En un documento de trabajo publicado en julio de 2026, el economista del Banco de Pagos Internacionales, Phurichai Rungcharoenkitkul, plantea la construcción de infraestructuras de inteligencia artificial como una carrera, una «competencia» en el sentido de la teoría económica, en la que unas pocas posiciones dominantes acaparan la mayor parte de los beneficios. 1
- Su tesis central es que la carrera por la IA «genera una fragilidad que la socava a sí misma».
El gráfico que figura a continuación, extraído del informe, muestra una de las dos facetas del fenómeno: su magnitud histórica.
- Si se compara con su nivel más bajo anterior al «boom», el gasto en inversión en IA está a punto de superar todos los grandes episodios de auge tecnológico en tan solo tres años.
- La curva de la IA sube más rápido y alcanza cotas más altas que la de la «canalmanía» estadounidense de la década de 1830, la «railway manía» británica de la década de 1840, los «années folles» o la burbuja de internet de finales de la década de 1990.
- Se prevé que el gasto de los grandes hiperescaladores supere los 700.000 millones de dólares solo en el año 2026, y las previsiones del sector apuntan a una cifra de entre 3 y 4 billones para los próximos años.
- Todos los episodios históricos mencionados terminaron con represalias brutales.
La pendiente actual no es garantía de solidez, sino un indicio de un exceso de construcción cuantificado, lo que hace que los booms sean más propensos a dar vuelcos.
- Este fenómeno se debe a una característica típica de la carrera.
- La victoria es tal que «el ganador se lo lleva casi todo»: por lo tanto, cada actor invierte masivamente para distanciarse de sus rivales, sin tener en cuenta el impacto de su carrera en los demás. Según el modelo calibrado, el resultado es una sobreinversión de aproximadamente 1,5 veces el nivel socialmente óptimo, y de hasta tres veces en aquellos ámbitos en los que la demanda de IA es menos elástica.
- Sin embargo, esta dinámica tiene un umbral crítico. Una vez que la construcción alcance un determinado umbral —que el autor sitúa en torno a los 3 billones de dólares—, el superávit económico neto (la producción total menos el costo del capital) pasaría a ser negativo. Las previsiones que oscilan entre los 3 y los 4 billones de dólares situarían, por tanto, al sector «en la zona de riesgos bajistas significativos», escribe.
- El capital así acumulado es específico. En caso de un cambio de tendencia, habría que liquidarlo simultáneamente en un mercado con escasa liquidez, lo que reduciría en la misma medida la tasa de recuperación, sobre todo teniendo en cuenta el endeudamiento del sector.
El análisis se centra también en un segundo problema fundamental: el de la financiación circular de la IA.
- El fenómeno es el siguiente: un actor adquiere una participación en el capital de un laboratorio de IA a cambio del compromiso de este último de comprarle potencia de cálculo en el futuro.

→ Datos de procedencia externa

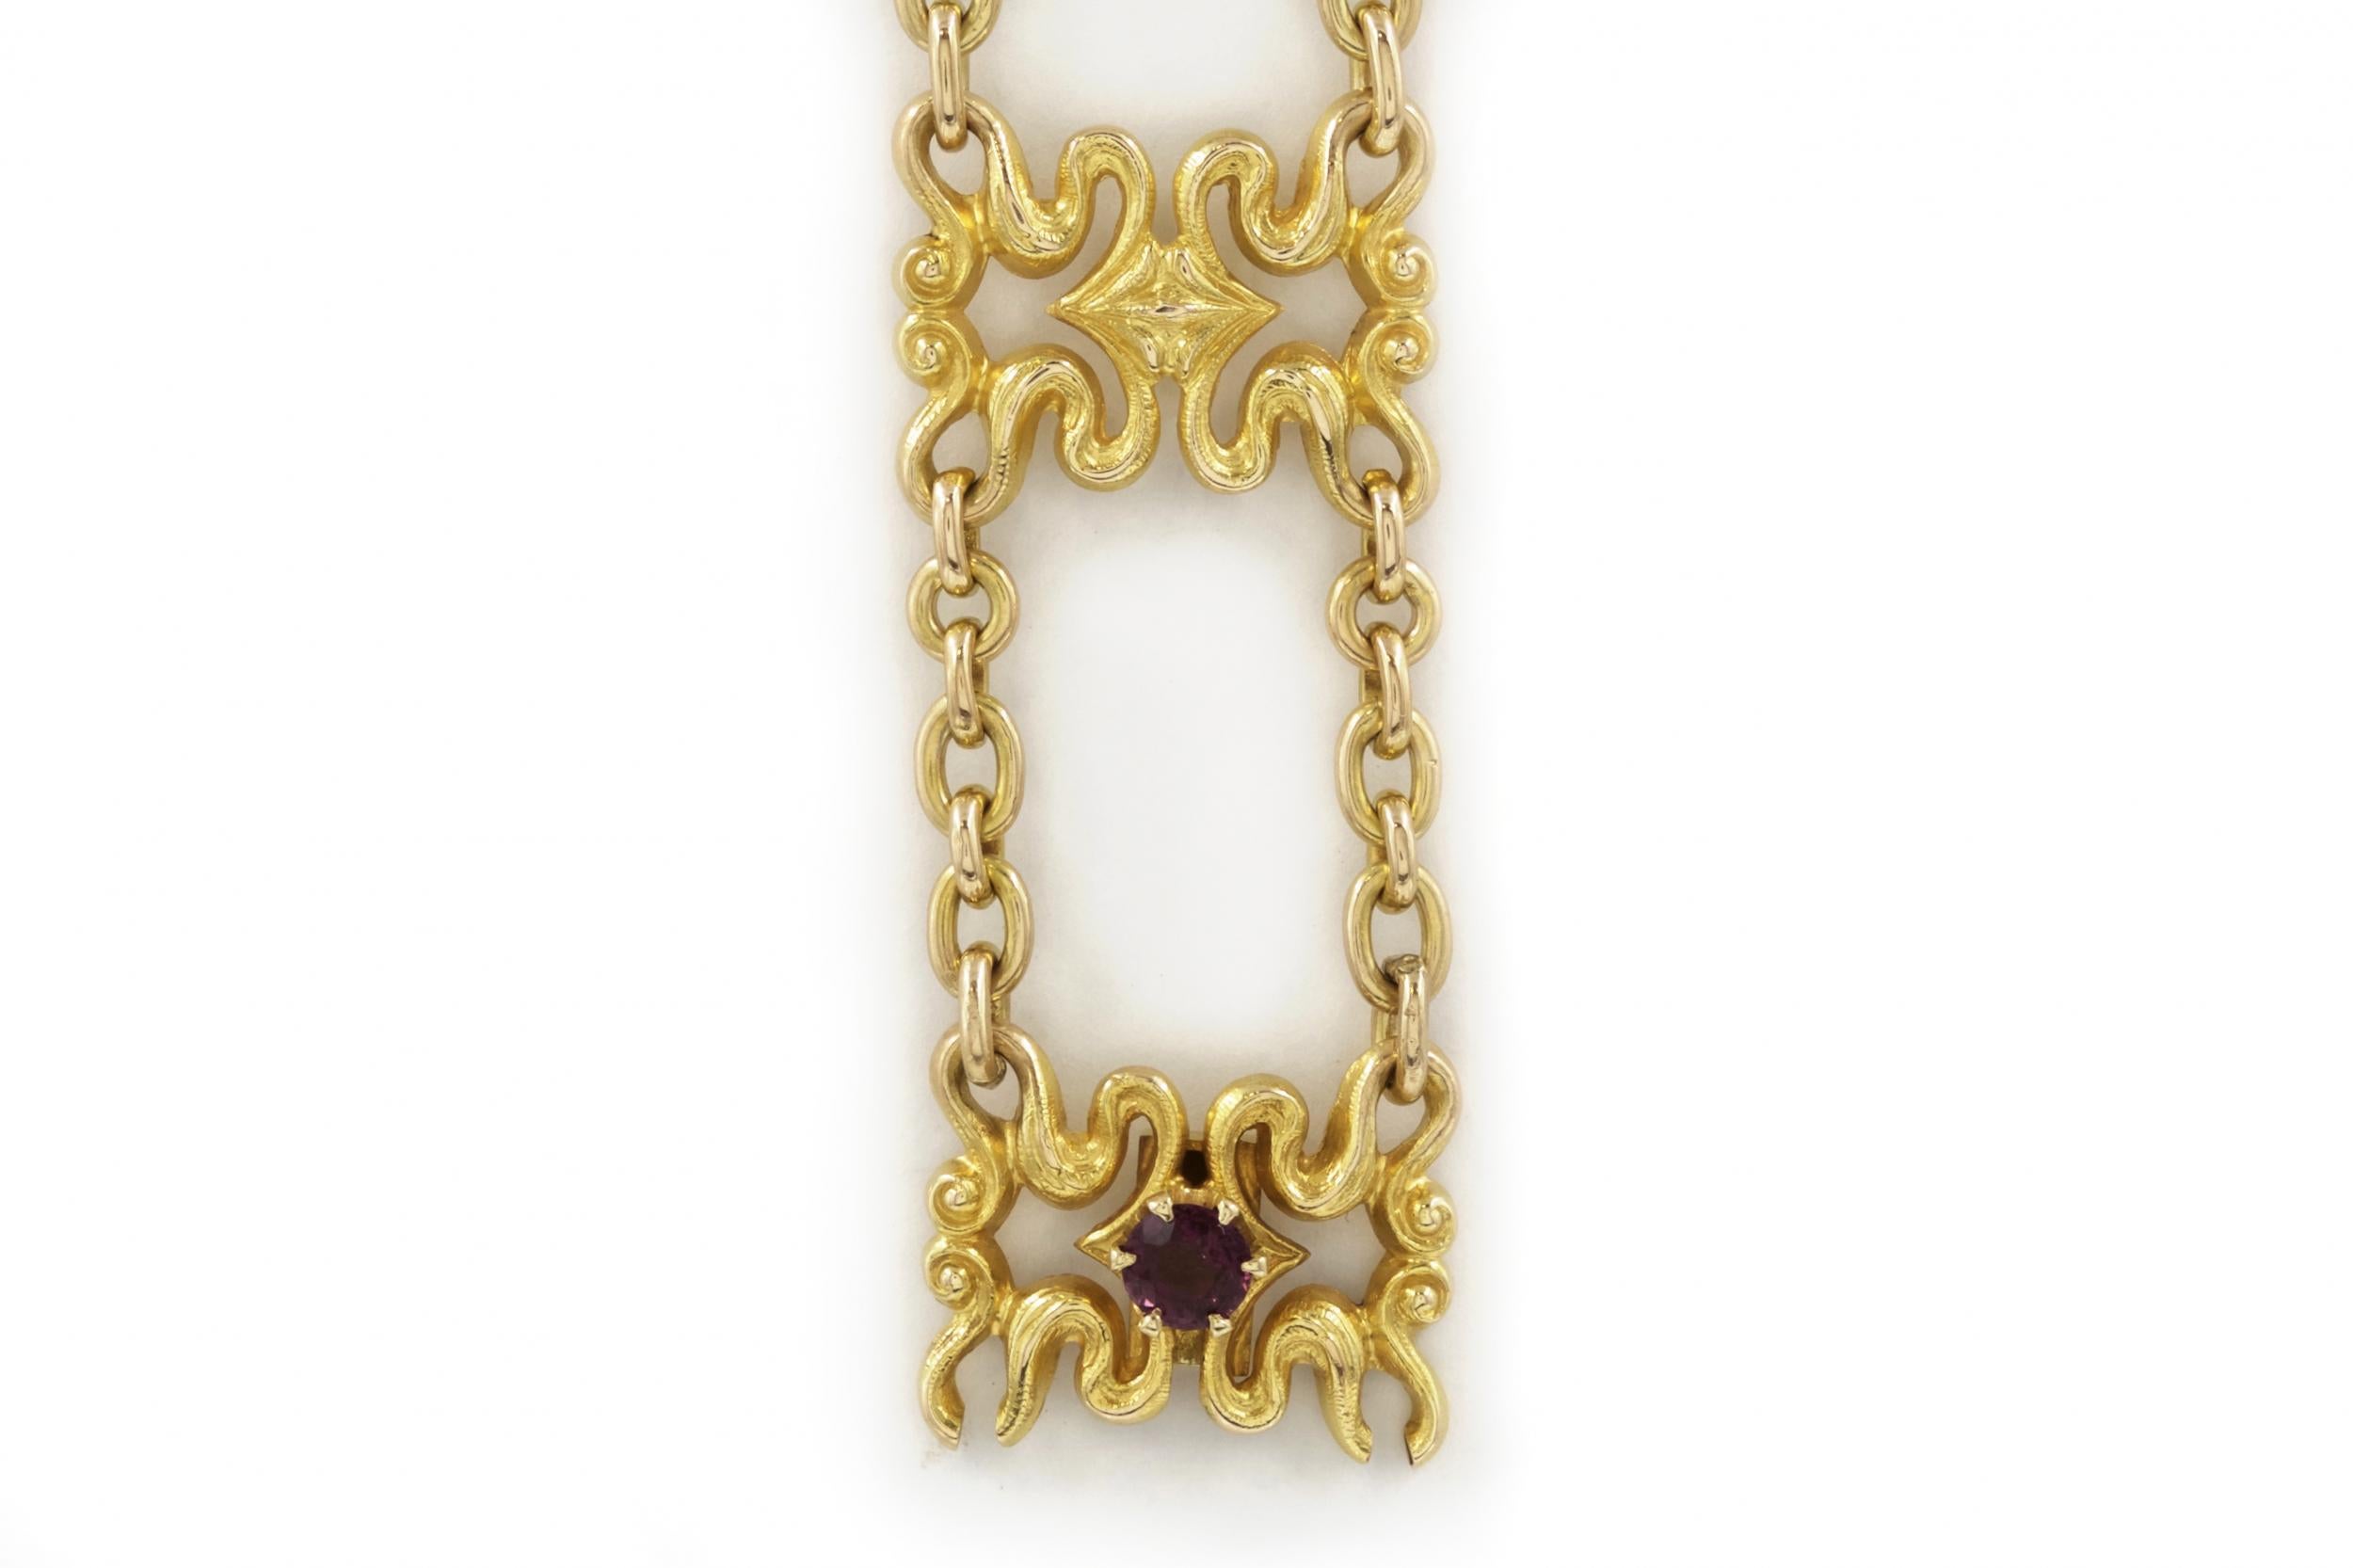 20th Century Art Nouveau 14K Yellow Gold Strap Bracelet by Sloan & Co.

De este modo, la demanda es «fabricada» por quienes financian la oferta.
- Así, la red conecta a los hiperescaladores (Microsoft, Amazon, Google, Oracle y Meta), los fabricantes de chips (Nvidia y AMD), los laboratorios (OpenAI, Anthropic y xAI) y el principal «neocloud» (CoreWeave). La magnitud es impresionante: se han desembolsado efectivamente unos 46.000 millones de dólares en participaciones, pero los compromisos de compra plurianuales ascienden a 879.000 millones.
- Estas participaciones cruzadas no hacen más que concentrar el riesgo. El autor resume: «El modelo financiero que ha impulsado el crecimiento es también el que propaga la quiebra».
Al descartar la hipótesis de actores aislados para modelar la red real, el informe pone así de manifiesto una nueva vulnerabilidad: el fallo de un solo laboratorio podría, al afectar al balance del hiperescalador que lo financia, llevar a este último a retirarse de otro laboratorio, propagando así la crisis.
- Este riesgo se agravaría a medida que avanzara la carrera. Según la simulación, la primera cascada se produciría con una escala de inversión de 1,6 veces el nivel óptimo, la segunda, en 2,3; y la trayectoria prevista, de entre 3 y 4 billones, situaría al sector en esta zona de contagio (entre 2,1 y 2,9).
- Así pues, cuanto más pasa la financiación por varios laboratorios conectados entre sí a través de unos pocos «nodos pivote», mayor es la probabilidad de que un fallo local se convierta en sistémico.
El autor señala también que la demanda potencial de IA es «enorme» y podría justificar una ampliación considerable de la potencia de cálculo. Sin embargo, destaca que la lógica de carrera incita a construir en exceso.
Notas al pie
- Phurichai Rungcharoenkitkul, «The AI Investment Race», BIS Working Papers, n.º 1367, Banco de Pagos Internacionales, julio de 2026.